Edmunds.com has filed a lawsuit against online reputation management company Humankind Design Ltd. for attempting to post fraudulent reviews on the site, according to a petition filed today.
Edmunds filed the suit in Texas after it discovered that Humankind tried to register almost 2,200 fake members on the site, the company said.
Humankind, of Friendswood, Texas, helps companies with reputation management. According to the company's Web site, it can help a company improve its Google results, in part by pushing out negative reviews that show up on the first page with good ones and by fixing problems and improving ratings on third-party review sites.
Edmunds said it identified 25 dealers who hired Humankind to fill out reviews. The company declined to give those dealers' names or locations.
Justin Anderson, owner of Humankind, said today Edmunds.com has not contacted his company about the allegations and he has not seen a copy of the lawsuit. He found out about the lawsuit through journalists calling asking for a comment.
"I can say that we completely disagree with the assertion that we are posting fraudulent reviews online," Anderson said.
Anyone who posts a review on Edmunds.com is required to go on the site and agree to its membership agreement, Kenneth Levin, general counsel for Edmunds.com, said in an interview. This agreement forbids using profanity and posting anything that isn't based on the reviewer's personal experience.
The agreement also requires that members agree to register only once using a single user name, and to agree to not register under another person's name or choose a user name designed to deceive or mislead visitors.

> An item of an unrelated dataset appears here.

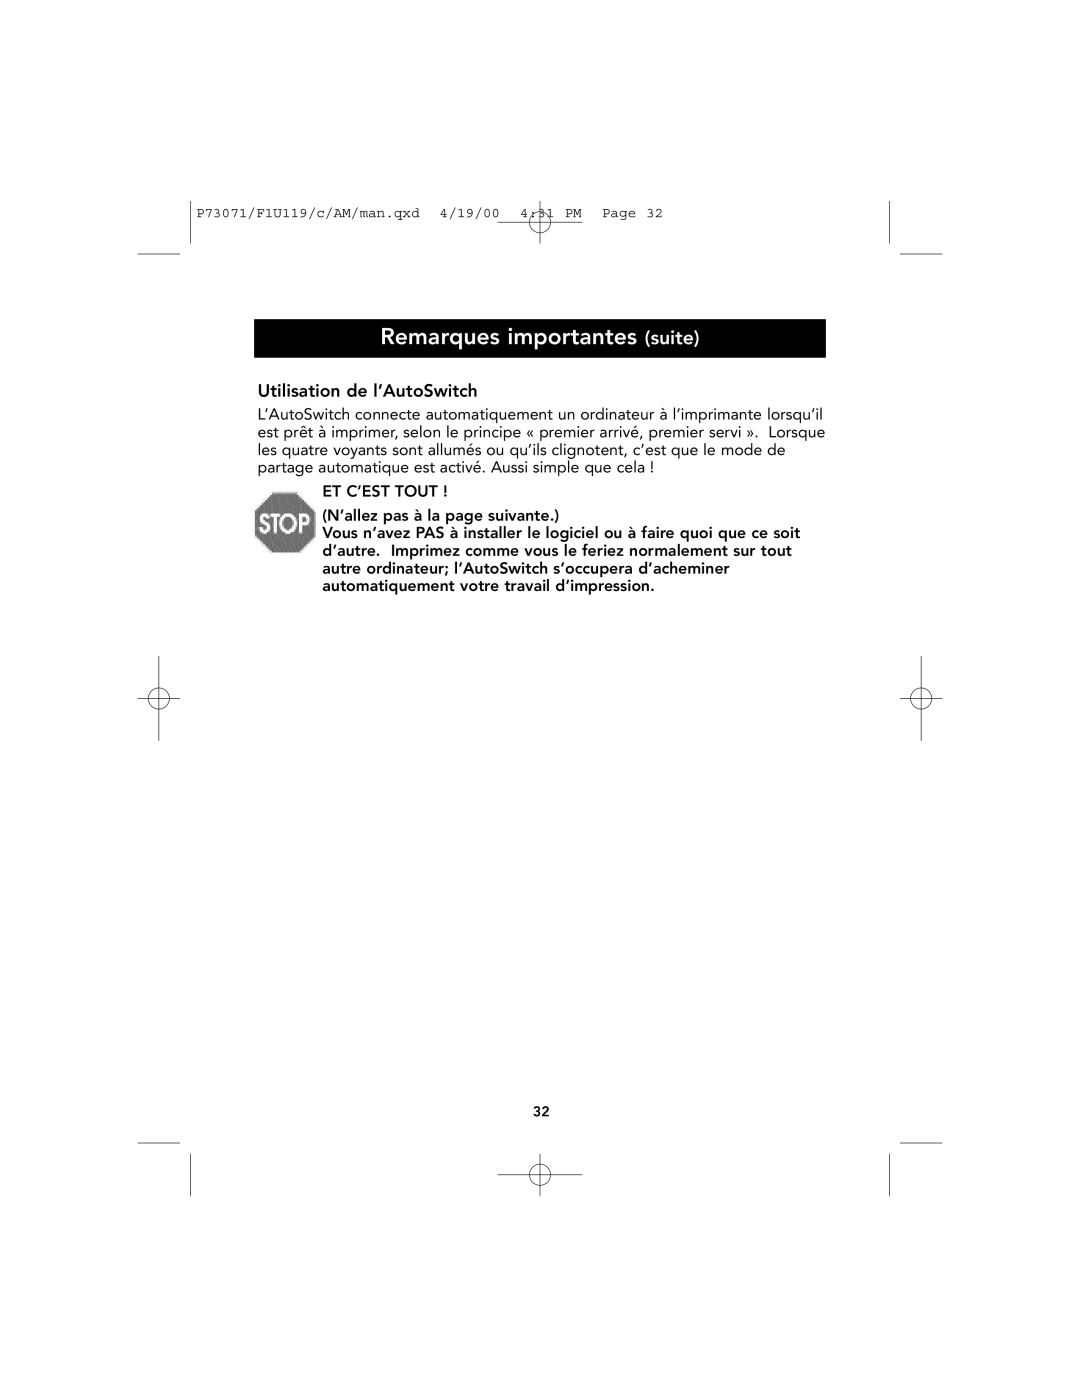 Belkin F1U119 user manual Remarques importantes suite, Utilisation de l’AutoSwitch 
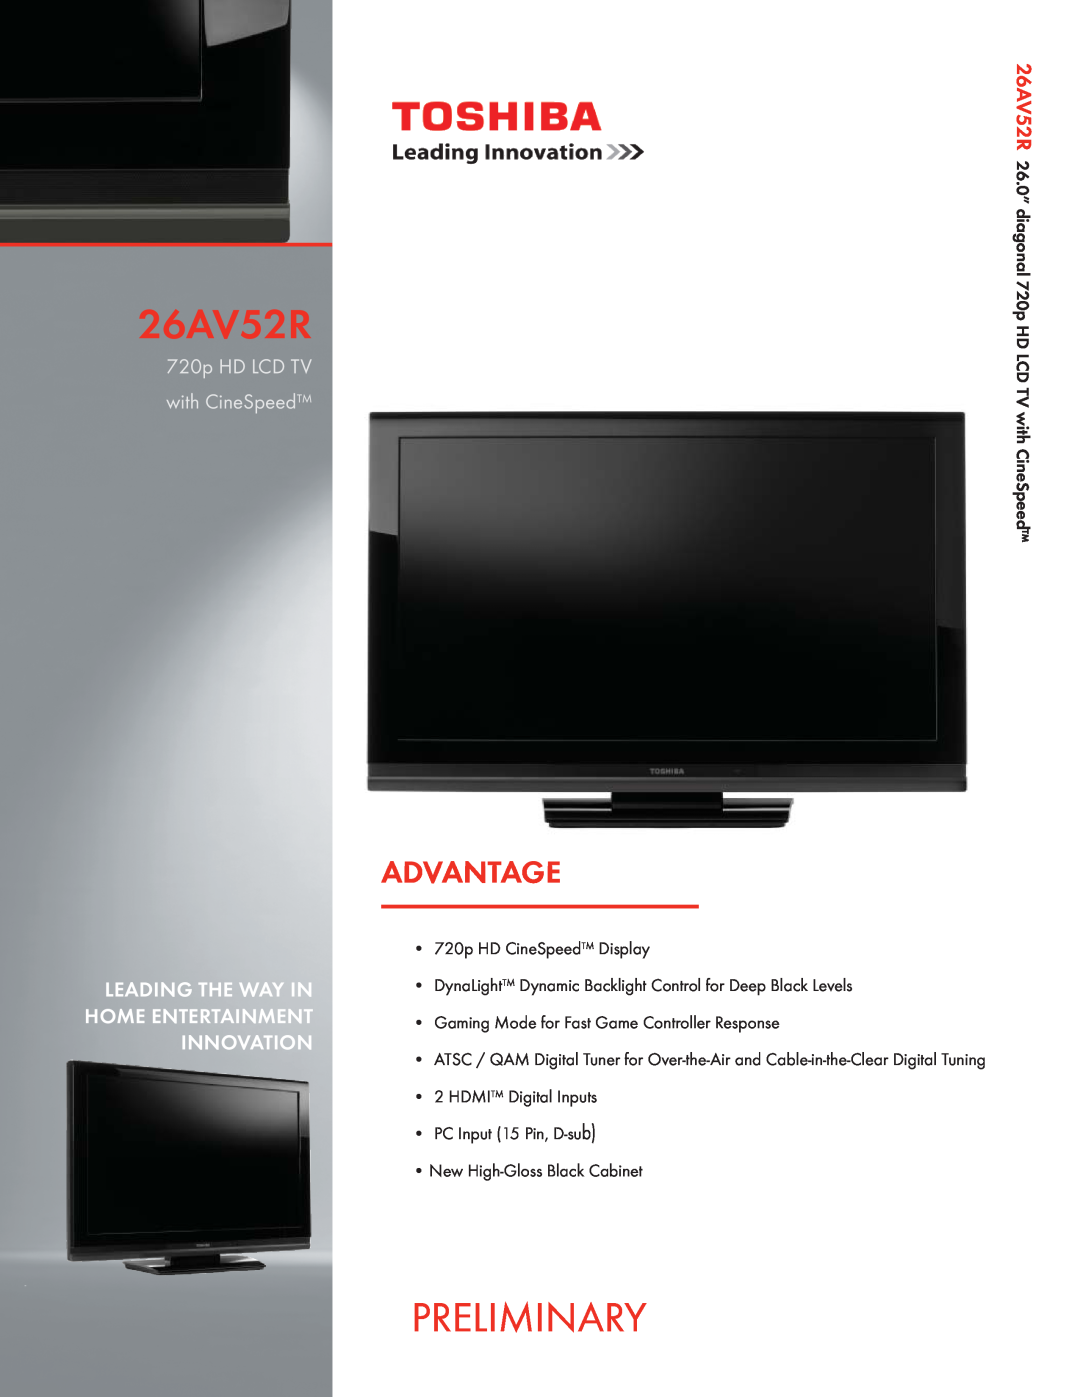 Toshiba 26AV52R manual Preliminary, Advantage, 720p HD LCD TV with CineSpeed

Edmunds monitors all of its reviews before they are posted on the site, and all reviews must conform with the membership agreement in order to be posted. Humankind tried to post its first fake review on Edmunds.com on Jan. 22., an Edmunds spokeswoman said in an e-mail.
In early March, Edmunds employees monitoring the reviews identified a large number of registrations that were generating reviews that were not real, and traced those reviews back to Humankind, Levin said.
Anderson said Humankind does not post fake reviews, but it is part of Humankind's service to post comment cards from customers at dealerships. Anderson said Humankind posts all the cards sent to them, so it would be on the dealer if negative cards were left out.
"We felt that we were within Edmund's terms of service, obviously they would disagree," Anderson said.
Anderson said he agrees with Edmunds' assertion that fake reviews are bad, and Humankind even has a section on its Web site about how to collect reviews properly and stay within the law.
Edmunds is confident that it has removed from its site most, if not all, of the fake reviews posted by Humankind, Levin said. It is seeking "temporary and permanent injunctive relief" and monetary damages, according to its lawsuit petition.
Anderson said that he would like to talk to Edmunds.com about the allegations and work out a solution to the issues.
Packages with Humankind start at $100 per month, according to its Web site.
Levin said Edmunds is not afraid its reliability will be compromised by filing a lawsuit against Humankind.
"Web sites that have reviews of businesses, like Yelp or TripAdvisor -- everyone knows that all of those sites have issues with fraudulent reviews," Levin said. "It's not a secret that this is an [issue] across all consumer review Web sites."
Humankind, on its site, also identifies 15 review sites on which it is prepared to post fake reviews, including Google+, Foursquare and Yelp, Edmunds.com said in a statement.
The lawsuit against Humankind is not the first Edmunds has filed to protect its site and users.
Edmunds won an injunction in May 2006 against a user in New York who was harassing members on the Web site's forum page.
In 2010, Edmunds helped the FBI to stop Web sites that had created a fake vehicle escrow service using Edmunds' name, Levin said, adding that Edmunds had nothing to do with the scam.